▶ Work request:
The lines to reproduce from the material below are those from the one containing "Used 1996 Chevrolet" through the one containing "New Century Jurassic", both included; write them out exactly and add nothing.

▶ Exercise input:
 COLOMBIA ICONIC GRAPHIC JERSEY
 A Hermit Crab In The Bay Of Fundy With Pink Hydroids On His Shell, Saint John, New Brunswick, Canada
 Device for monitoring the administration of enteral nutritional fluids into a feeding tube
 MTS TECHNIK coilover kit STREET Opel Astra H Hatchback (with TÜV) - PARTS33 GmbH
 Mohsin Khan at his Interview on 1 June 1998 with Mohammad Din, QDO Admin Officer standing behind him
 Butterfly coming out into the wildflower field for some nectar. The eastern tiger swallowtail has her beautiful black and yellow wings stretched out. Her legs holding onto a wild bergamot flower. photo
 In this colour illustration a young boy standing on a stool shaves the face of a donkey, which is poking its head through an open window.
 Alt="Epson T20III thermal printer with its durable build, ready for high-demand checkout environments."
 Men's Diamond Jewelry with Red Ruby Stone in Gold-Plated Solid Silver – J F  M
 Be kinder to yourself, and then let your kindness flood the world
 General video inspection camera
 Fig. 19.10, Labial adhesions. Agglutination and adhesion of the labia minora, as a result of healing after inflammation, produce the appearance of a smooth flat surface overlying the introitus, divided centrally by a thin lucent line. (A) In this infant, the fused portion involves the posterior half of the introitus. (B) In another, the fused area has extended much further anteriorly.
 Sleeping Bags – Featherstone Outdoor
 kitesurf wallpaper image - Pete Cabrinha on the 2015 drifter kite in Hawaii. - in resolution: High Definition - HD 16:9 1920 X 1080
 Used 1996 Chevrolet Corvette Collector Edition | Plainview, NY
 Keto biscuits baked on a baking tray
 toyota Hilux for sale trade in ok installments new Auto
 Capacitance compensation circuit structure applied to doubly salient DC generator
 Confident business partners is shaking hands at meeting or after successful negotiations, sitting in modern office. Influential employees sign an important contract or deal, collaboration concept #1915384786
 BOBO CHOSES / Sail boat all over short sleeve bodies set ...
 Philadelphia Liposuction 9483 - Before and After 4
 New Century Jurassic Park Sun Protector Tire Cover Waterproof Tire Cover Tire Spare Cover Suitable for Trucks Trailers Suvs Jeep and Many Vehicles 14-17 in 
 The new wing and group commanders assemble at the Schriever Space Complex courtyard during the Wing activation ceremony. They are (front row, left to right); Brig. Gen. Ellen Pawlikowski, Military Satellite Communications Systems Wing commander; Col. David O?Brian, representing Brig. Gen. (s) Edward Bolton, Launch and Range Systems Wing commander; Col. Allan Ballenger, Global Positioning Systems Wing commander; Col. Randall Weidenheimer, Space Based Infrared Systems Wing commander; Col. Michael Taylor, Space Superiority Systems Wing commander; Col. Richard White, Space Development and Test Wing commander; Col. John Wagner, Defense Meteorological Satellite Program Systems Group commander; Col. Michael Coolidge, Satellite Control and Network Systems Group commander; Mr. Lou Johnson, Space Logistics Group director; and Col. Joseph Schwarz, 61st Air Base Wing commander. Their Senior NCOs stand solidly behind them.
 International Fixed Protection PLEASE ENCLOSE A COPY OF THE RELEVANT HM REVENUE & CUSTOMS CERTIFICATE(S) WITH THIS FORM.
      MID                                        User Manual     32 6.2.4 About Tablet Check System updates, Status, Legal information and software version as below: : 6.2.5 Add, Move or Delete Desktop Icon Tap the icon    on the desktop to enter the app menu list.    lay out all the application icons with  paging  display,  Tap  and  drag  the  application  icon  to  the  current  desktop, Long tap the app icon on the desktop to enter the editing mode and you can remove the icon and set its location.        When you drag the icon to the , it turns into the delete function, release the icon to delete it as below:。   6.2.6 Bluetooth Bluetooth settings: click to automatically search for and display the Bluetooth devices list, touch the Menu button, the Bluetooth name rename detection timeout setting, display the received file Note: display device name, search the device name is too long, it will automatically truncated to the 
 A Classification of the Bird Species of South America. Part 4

▶ Answer for this exercise:
 Used 1996 Chevrolet Corvette Collector Edition | Plainview, NY
 Keto biscuits baked on a baking tray
 toyota Hilux for sale trade in ok installments new Auto
 Capacitance compensation circuit structure applied to doubly salient DC generator
 Confident business partners is shaking hands at meeting or after successful negotiations, sitting in modern office. Influential employees sign an important contract or deal, collaboration concept #1915384786
 BOBO CHOSES / Sail boat all over short sleeve bodies set ...
 Philadelphia Liposuction 9483 - Before and After 4
 New Century Jurassic Park Sun Protector Tire Cover Waterproof Tire Cover Tire Spare Cover Suitable for Trucks Trailers Suvs Jeep and Many Vehicles 14-17 in 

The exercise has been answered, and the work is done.